Our contact with the handmade is often mediated by a screen, where we must fall back on previous inputs around the history of materials and make assumptions about scale and texture. My works reveal far more in person, reject purity and challenge definition, in order to slow the exchange of ‘information’ with the viewer. They are recognisably anchored in the physicality of making, but I aim to shift each element both towards and away from its context, forming a mass of rules which are set, then disrupted. In the paintings, various elements aggregate intuitively, presenting a cross section of layers that don’t make chronological sense. Visible inside layers expose and make solid the process, allowing glimpses of abandoned directions. The inside of the work is more than a support and the surface rejects finality, everything completed is a potential beginning. I take photos of work in progress, print them onto fabric and paste them back into the work.
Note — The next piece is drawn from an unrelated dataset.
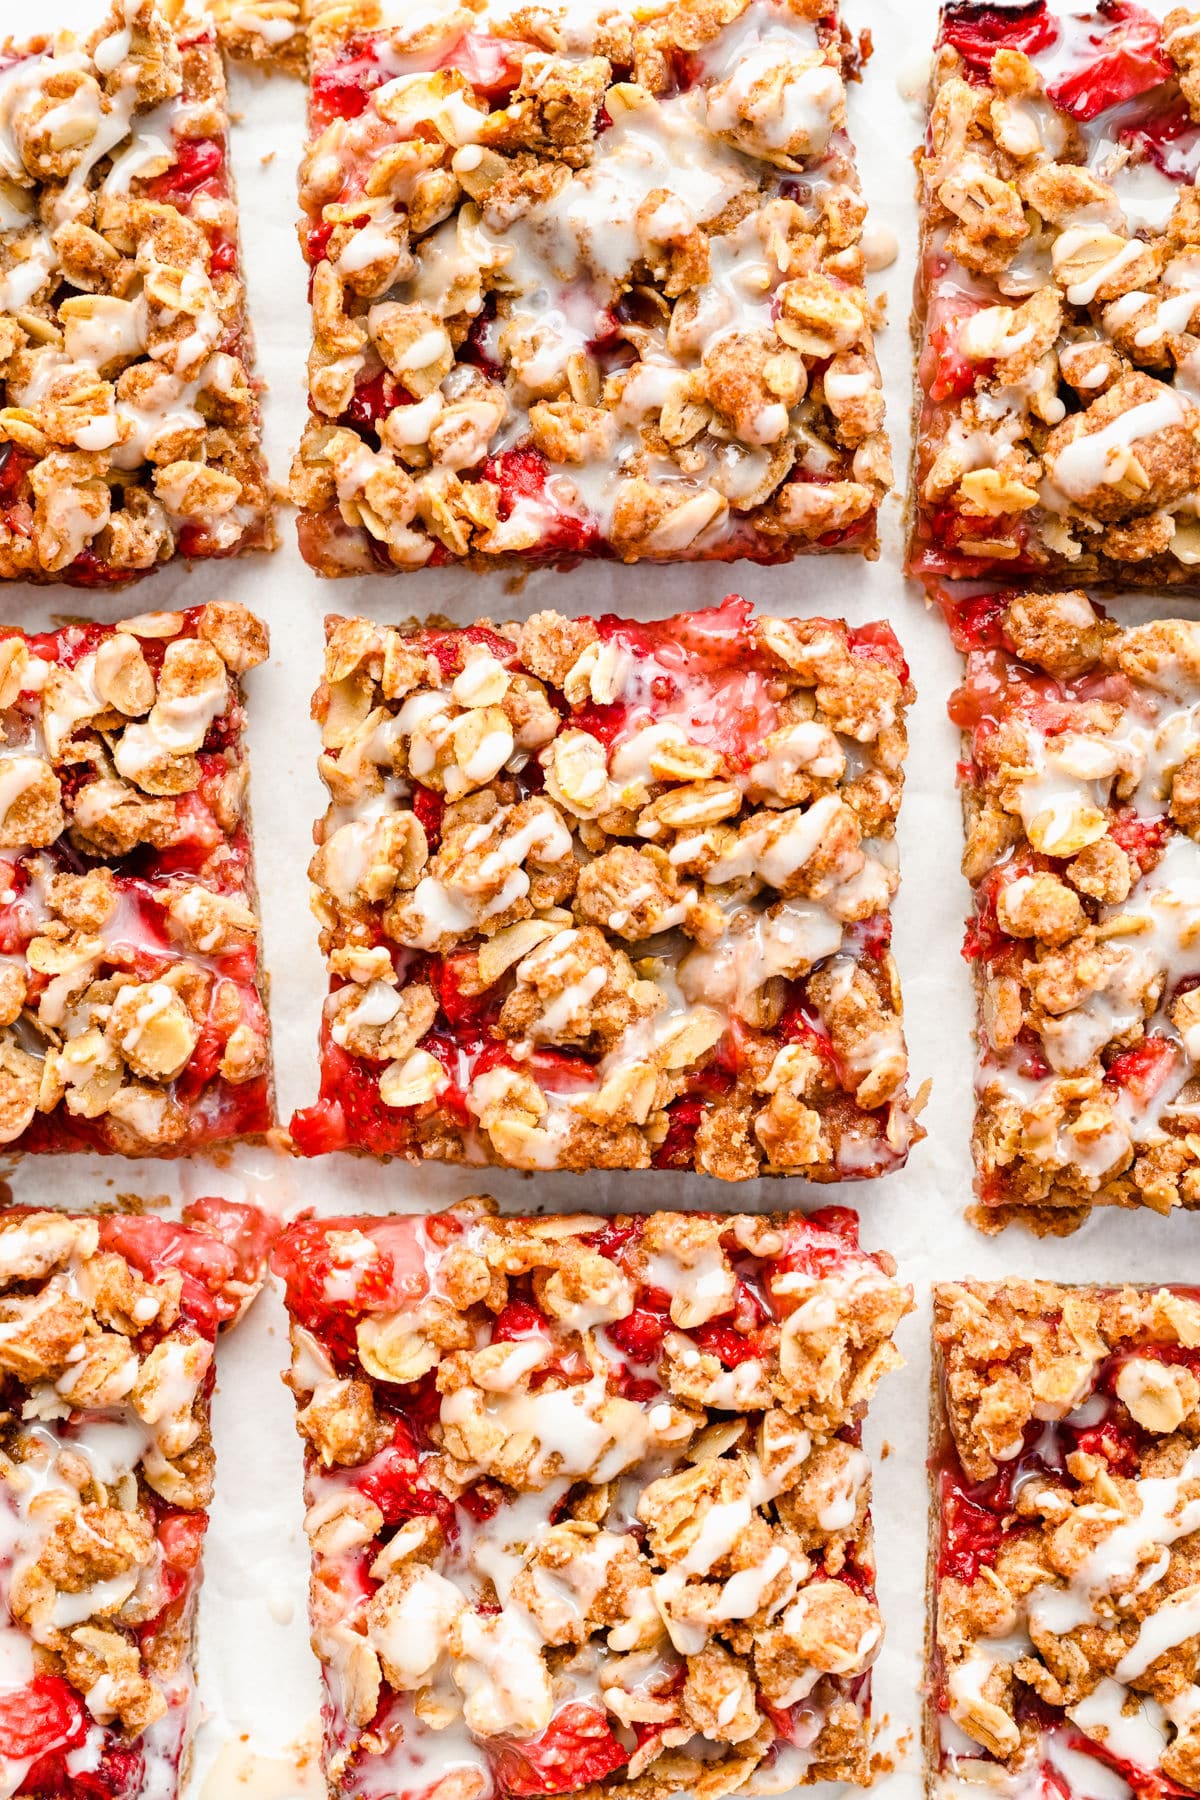 Strawberry oatmeal bars cut into pieces in rows.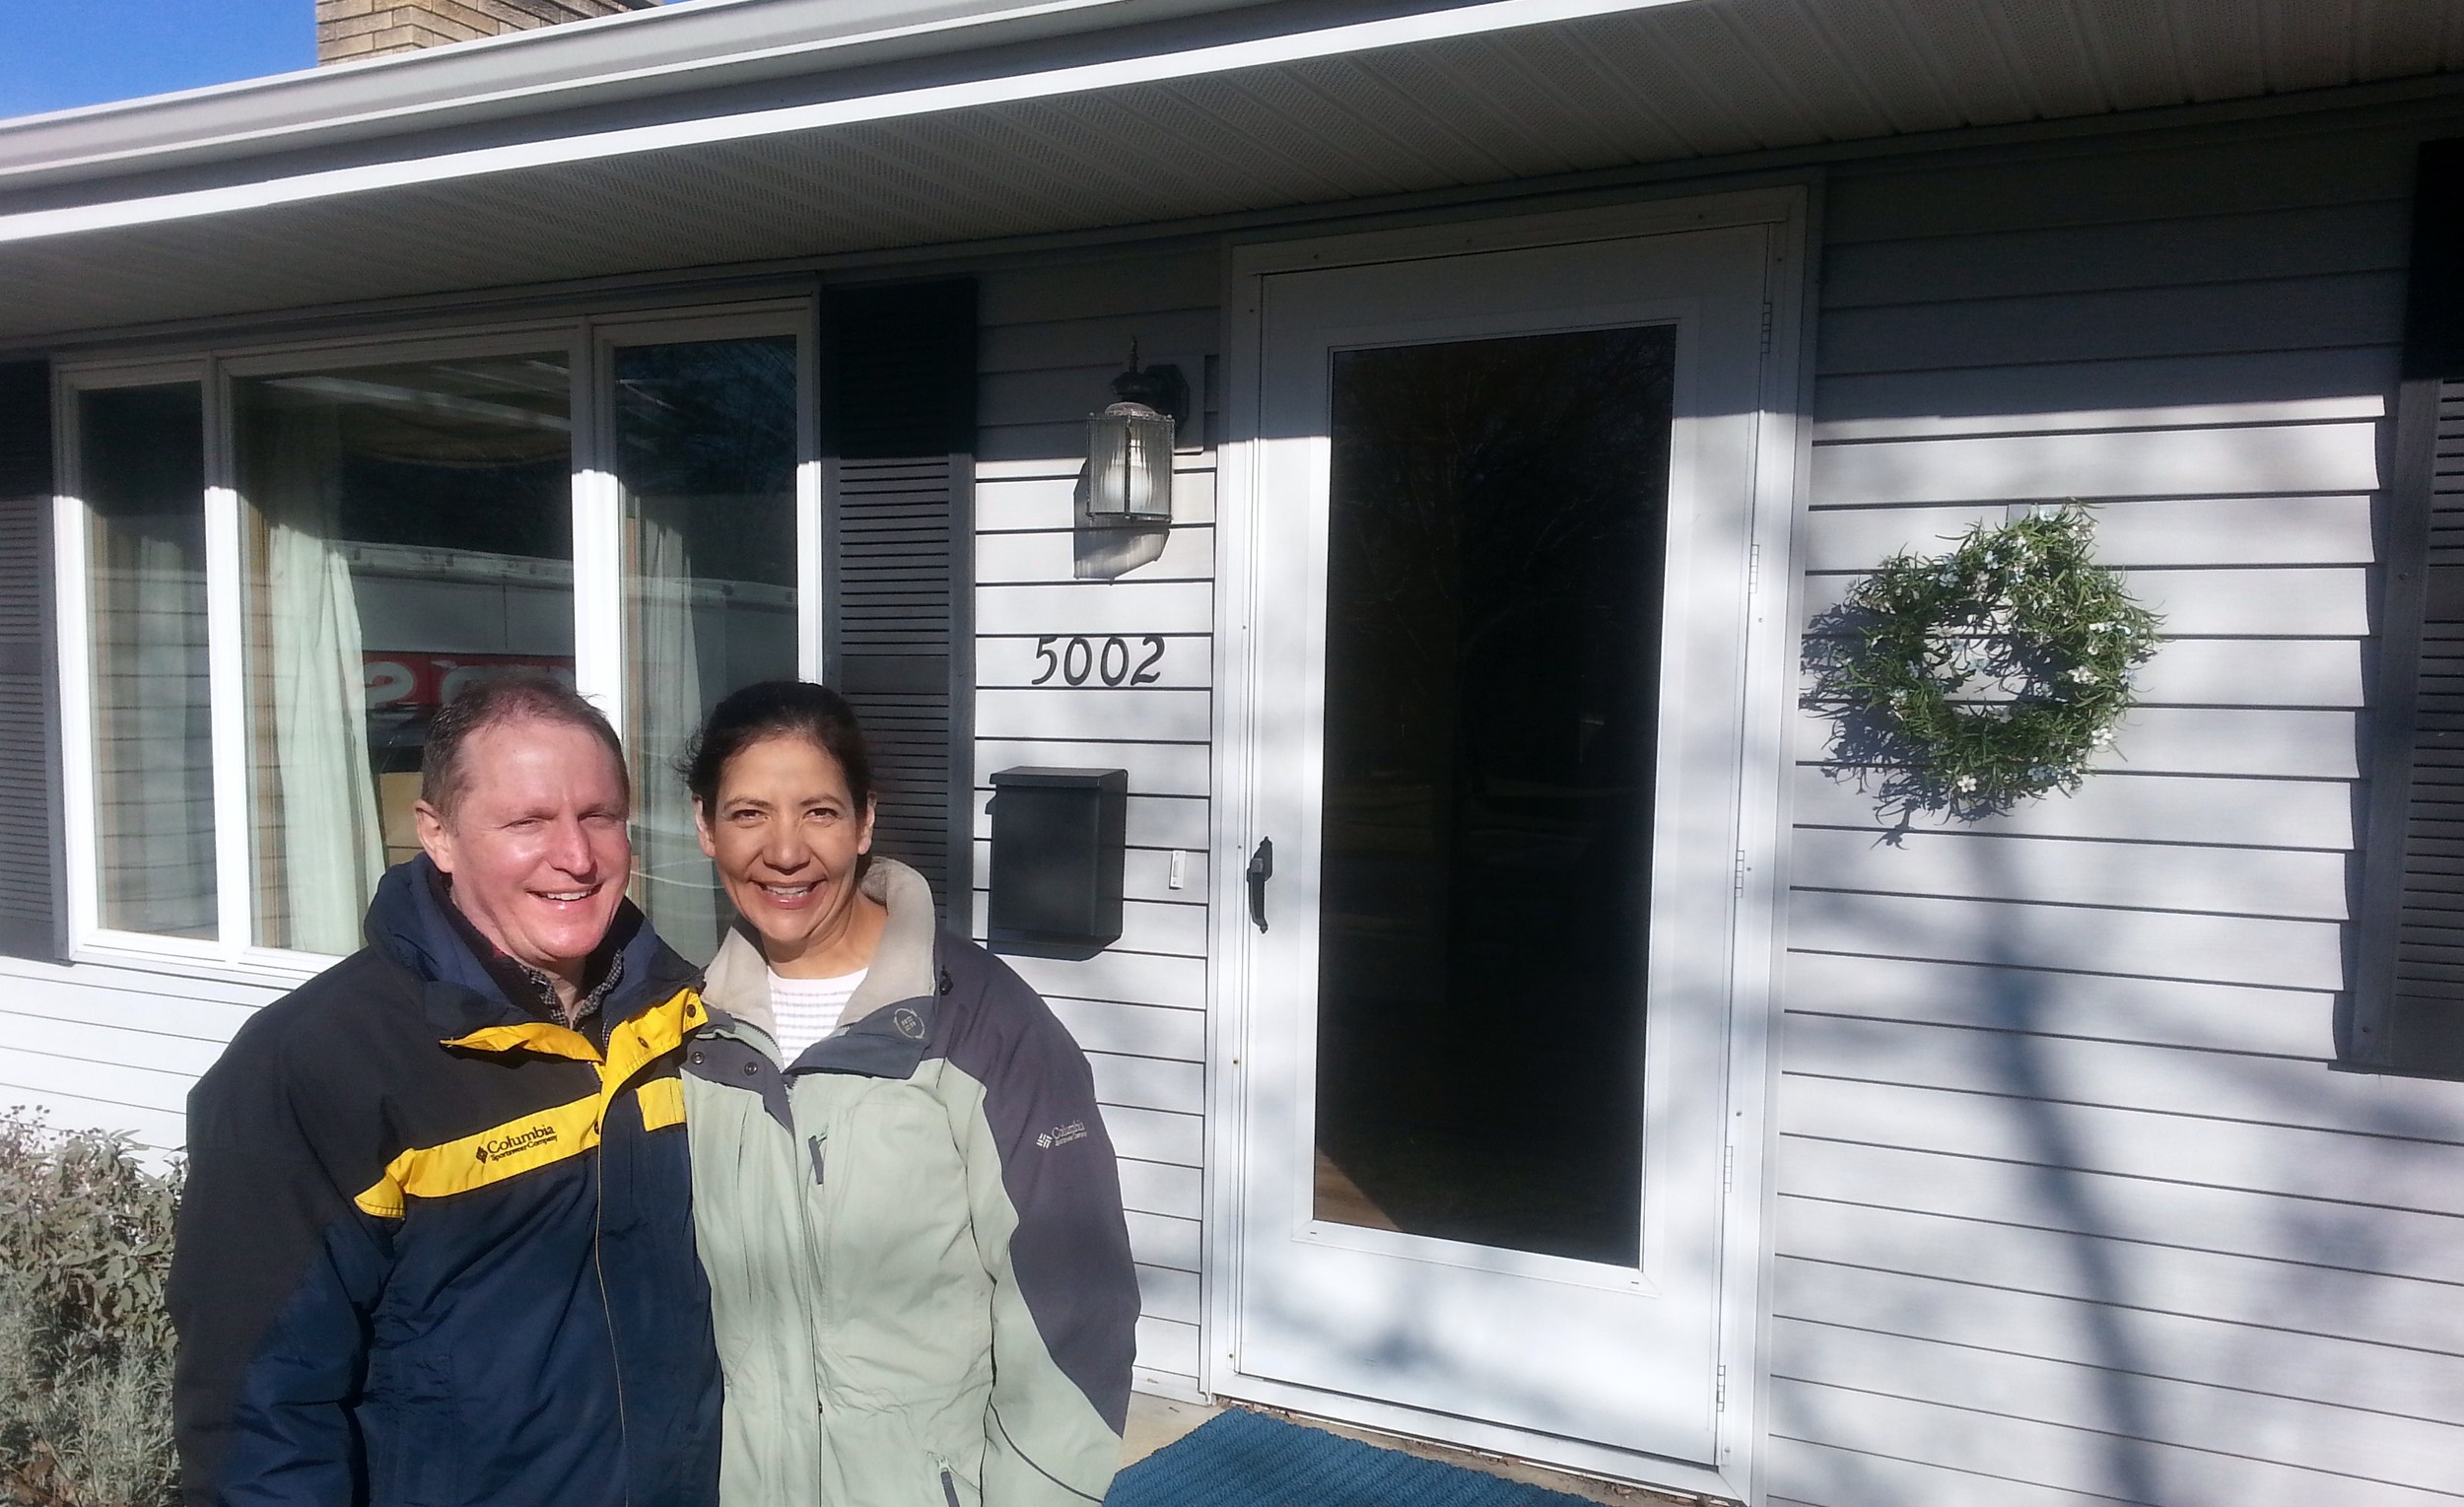 Bruce and Lisa Stein: happy homeowners, thanks to ROOST!

With every flattened layer, there is also an expansion of form.
Ceramic bases hold and support the paintings, with the content of each part informed by the other. The ceramics borrow painterly effects and the paintings are slab like, they lean toward each other. They derive from a kind of loop between mind and hand as I negotiate the conundrum of making physical things from a digital headspace.
The elevations are an intermediary between the hybrid sculptures and the space they inhabit. They draw on the structures and materials of the studio, symbolically elevating the other works. A wariness around consumption is a useful constraint, as parts of failed and abandoned works are absorbed rather than discarded and replaced.
The hybrids vary widely in size, as though the scale tool has been used in Photoshop. This flippant rejection of uniformity is also a play on the arbitrary nature of measurement. I am often perplexed by how value is determined within a creative act. It seems that the parts of existing as an artist that are hardest to measure are often the most important. The unproductive gaps, the emotional and intellectual terrain that there is not time to reveal, the many invisible networks of support required.
The works form a relationship of mutual support, finding a sense of completion as part of a community. They embody a kind of material empathy. They are both constrained by the physical limitations of my body, and liberated by the unmediated connection between mind and material, via the hand. Each work has developed through gradual accretion, embedding a sense of thoughtful quietness implied by solo, manual labour. Together the works pose a question which I am then moved to answer; they are defined by their contribution to the continuum of practice.